|ARC of reason|
|Friday, 08 August 2014 00:45|
RBI gets it right on Asset Reconstruction Companies
Sales of non-performing loans to Asset Reconstruction Companies (ARCs) may have jumped to R34,000 crore, driving up the assets under management (AUM) to R42,000 crore, but that might really not have been such a good thing. For one, much of it was being driven by Security Receipts (SR) so that most of the risk remained with the banks. For their part, ARCs were willing to be accommodative when it came to valuing the assets since they forked out just 5% of the amount, banking on the fees to grow their bottom lines. A lot of this will now change after the Reserve Bank of India (RBI) rewrote the rules on Wednesday. The central bank, rightly, wants ARCs to have more skin in the game and, to this end, has upped the initial payment, requiring ARCs to be better capitalised. As a consequence, CRISIL estimates growth will moderate to 30% in the current year but there will be more discipline all around.
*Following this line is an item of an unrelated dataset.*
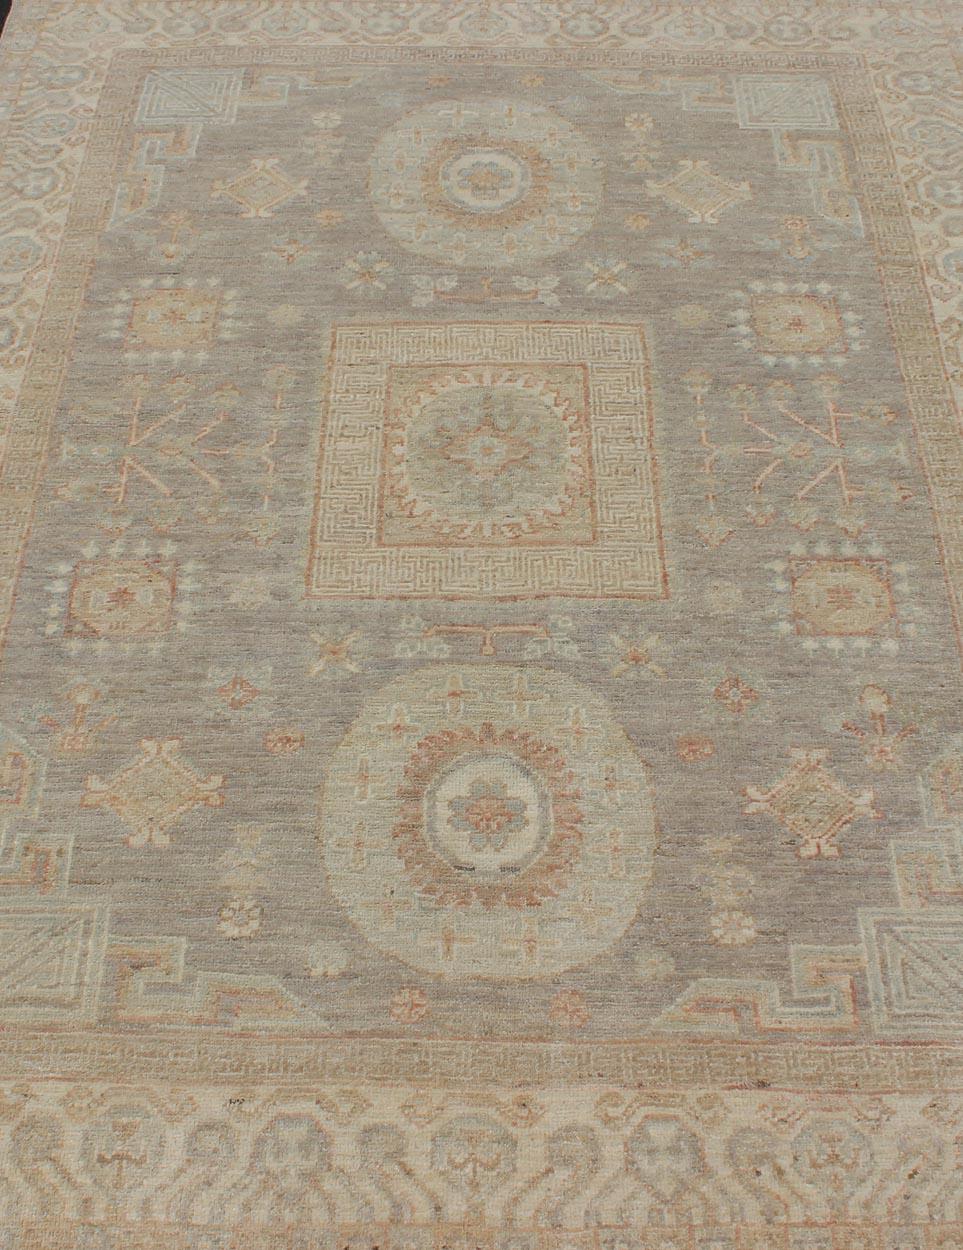 Wool Fine Khotan Design Rug with Samarkand Design in Muted Tones For Sale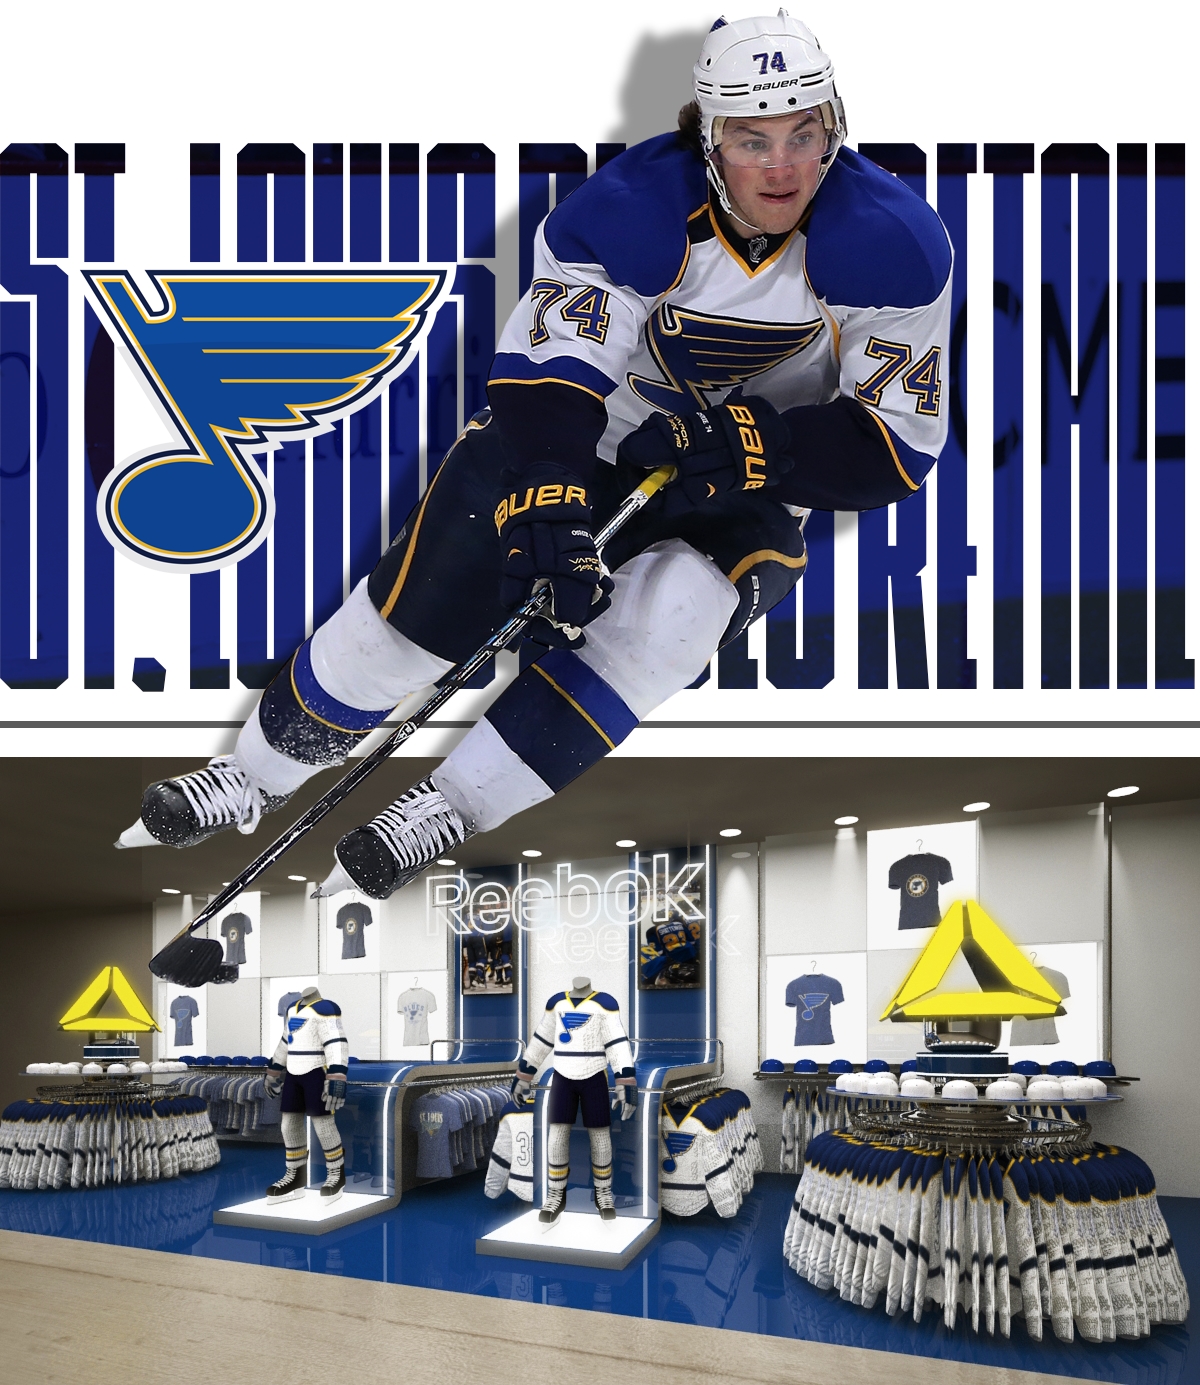 St. Louis Blues flagship retail store featuring Reebok, designed by Justin Winget and rendered by Tim Seinold

To begin with, ARCs will not be so cavalier about how loans are priced since they need to cough up 15% of the value rather than just 5%, which means the pricing will be more realistic since capital doesn’t come cheap. And like before, they will need to stay invested for the entire duration of the SR. Also, while the fees have so far been calculated as a share of the value of the assets acquired, the income will now be booked as a percentage of the net asset value (NAV) to be determined by a rating agency. One might argue the ARC will simply up the fees, but that might not be so easy in a competitive environment.